CNBC/NRF mesure un bond de la consommation US (mais à relativiser) information fournie par Zonebourse 13/07/2026 à 17:51
Les ventes au détail américaines ont fortement progressé sur un an en juin, mais leur rythme mensuel suggère que cette accélération tient davantage à un effet de base favorable qu'à un véritable changement de tendance de la consommation.
Selon le CNBC/NRF Retail Monitor, les ventes au détail hors automobile et essence ont progressé de 9,41% sur un an en juin, contre 7,19% en mai et 5,73% en avril.
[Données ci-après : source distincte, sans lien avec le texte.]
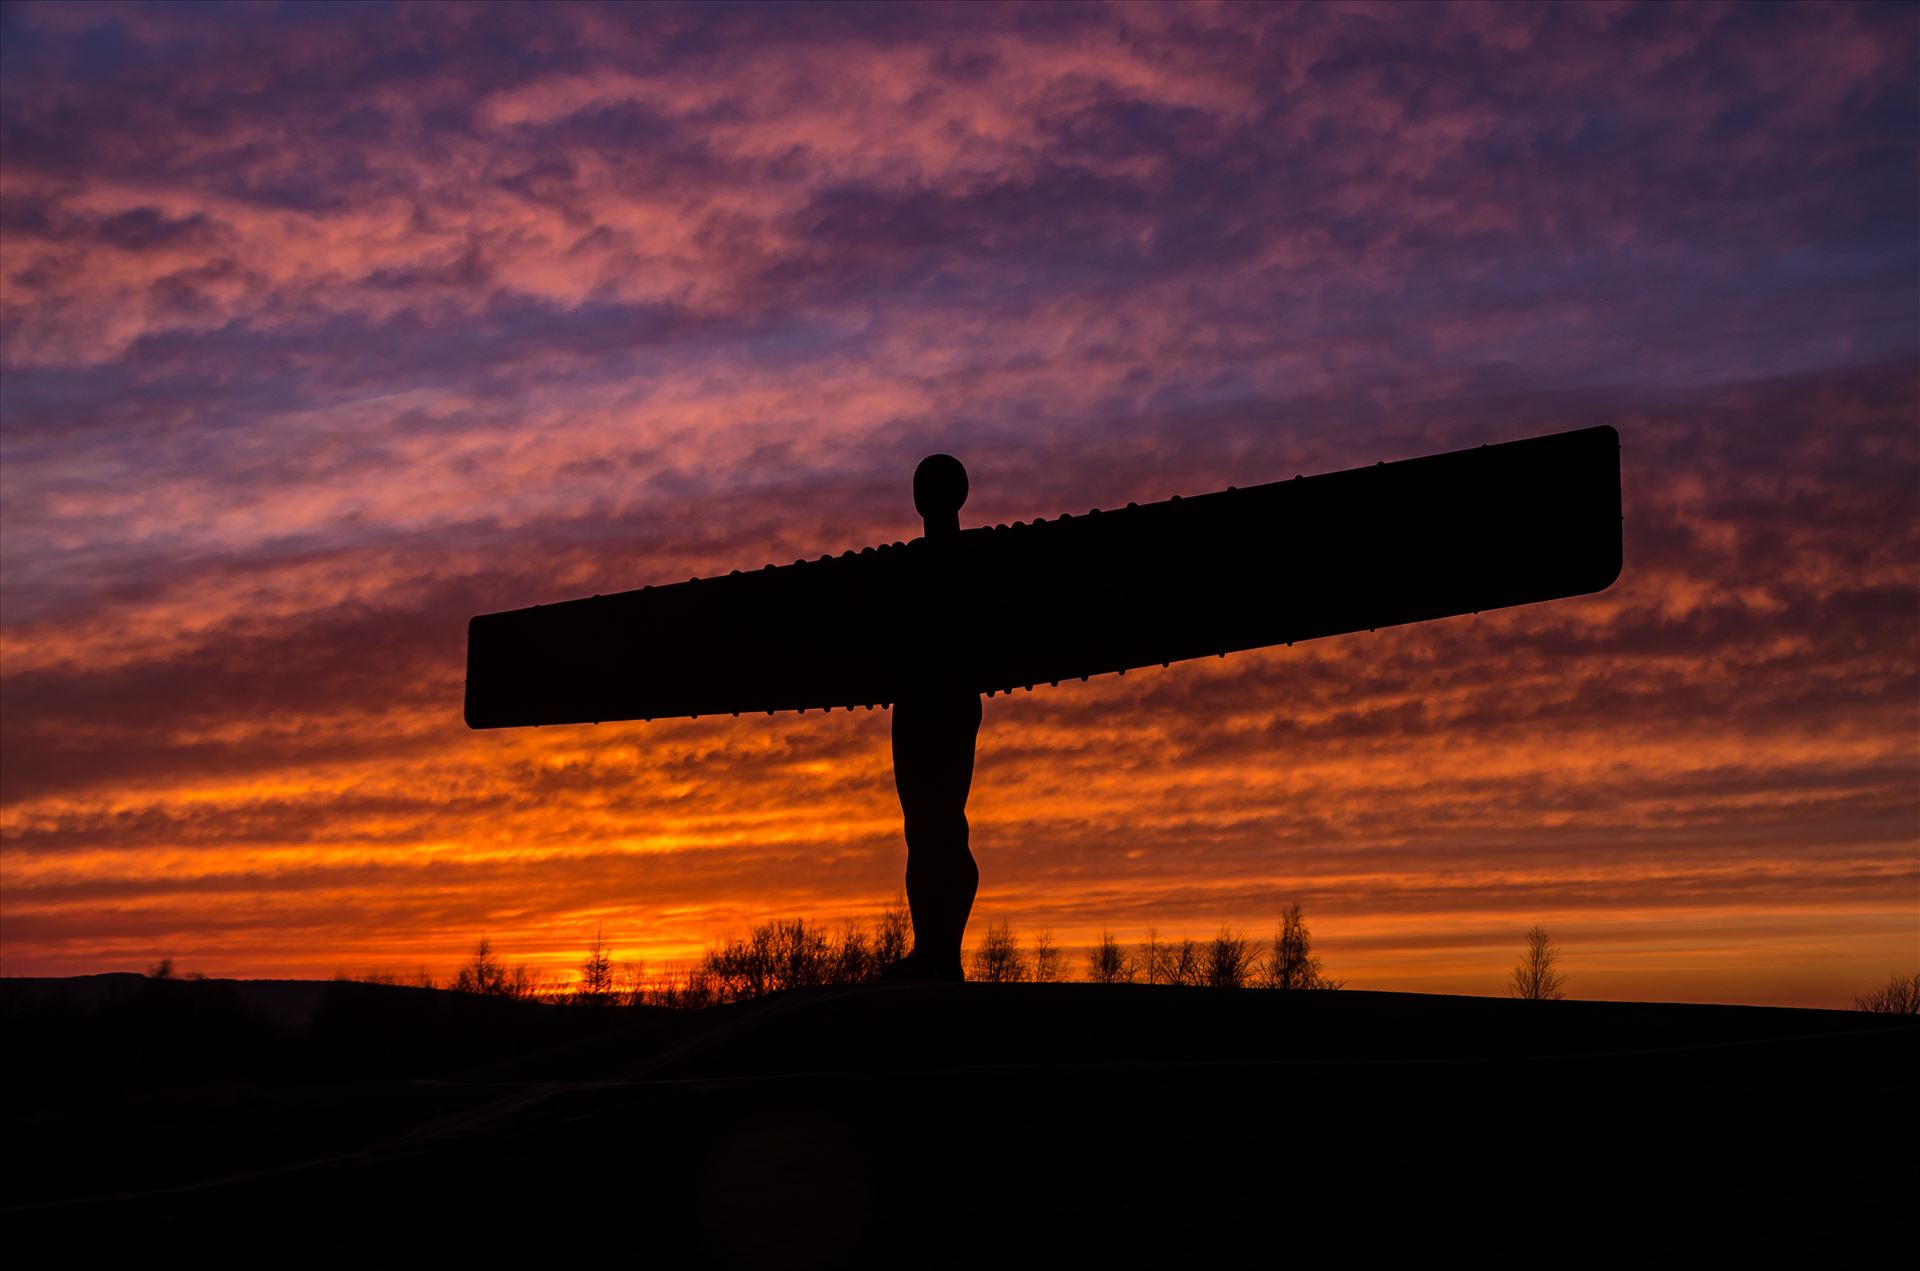 The Angel of the North at sunset The Angel of the North is a contemporary sculpture, designed by Antony Gormley, located in Gateshead,  England.Completed in 1998, it is a steel sculpture of an angel, 20 metres (66 ft) tall, with wings measuring 54 metres (177 ft) across. by philreay

Ce signal prolonge celui envoyé par Costco, dont les ventes comparables ajustées aux Etats-Unis avaient encore augmenté de 7,6% en juin, ainsi que par Bank of America, qui avait constaté une hausse de 6,3% des dépenses par carte et par ménage, la plus forte depuis 2022.
Le rapport repose sur les données anonymisées d'Affinity Solutions, couvrant plus de 140 millions de cartes de crédit et de débit, près de 9 milliards de transactions et plus de 500 MdsUSD de dépenses annuelles. Contrairement aux statistiques du Census Bureau, fondées sur une enquête auprès des entreprises puis régulièrement révisées, cet indicateur mesure directement les transactions et n'est pas révisé après sa publication.
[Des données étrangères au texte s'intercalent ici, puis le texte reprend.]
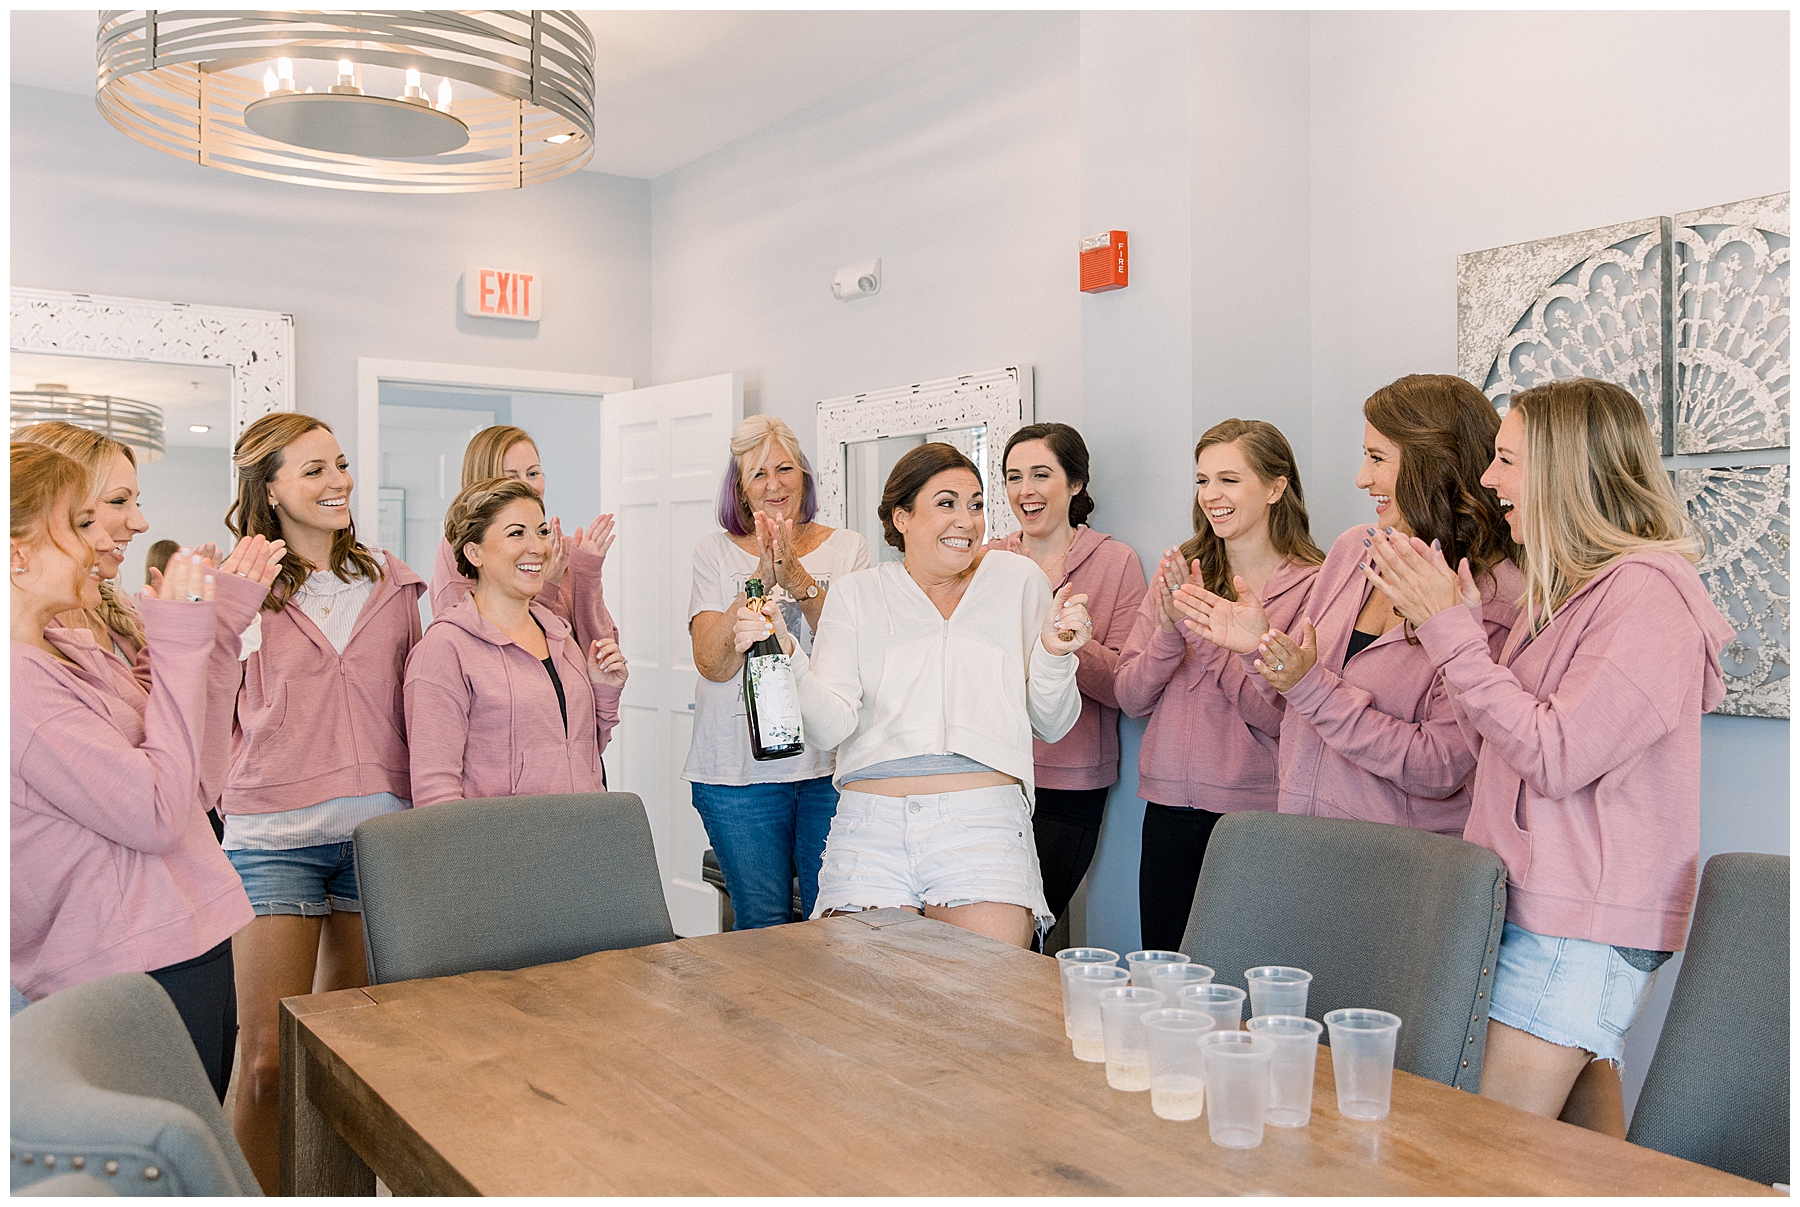 Bridesmaids and bride celebrate wedding day with champagne

Le détail sectoriel montre une vigueur largement répartie, toutes les catégories affichant une croissance sur un an. Le segment regroupant les articles de sport, les loisirs, la musique et les librairies se distingue avec une hausse de 18,53%, possiblement soutenue par la Coupe du monde. L'électronique, l'habillement et les produits numériques progressent également de plus de 13%.
La lecture séquentielle invite toutefois à nuancer le message. Les ventes hors automobile et essence ont augmenté de 0,33% en juin, après 0,42% en mai et 0,34% en avril. Composé et annualisé, ce rythme ressort à environ 4,5%, nettement en dessous de la hausse annuelle de 9,41%. Cet écart suggère qu'une partie de l'accélération observée sur un an tient à des effets de comparaison favorables.
Même si la Fed ne fonde pas ses décisions sur ces seuls indicateurs alternatifs, leur message reste peu accommodant : la demande ne ralentit pas pour justifier une baisse rapide des taux. L'attention se tourne désormais vers l'indice américain des prix à la consommation de juin, attendu mardi.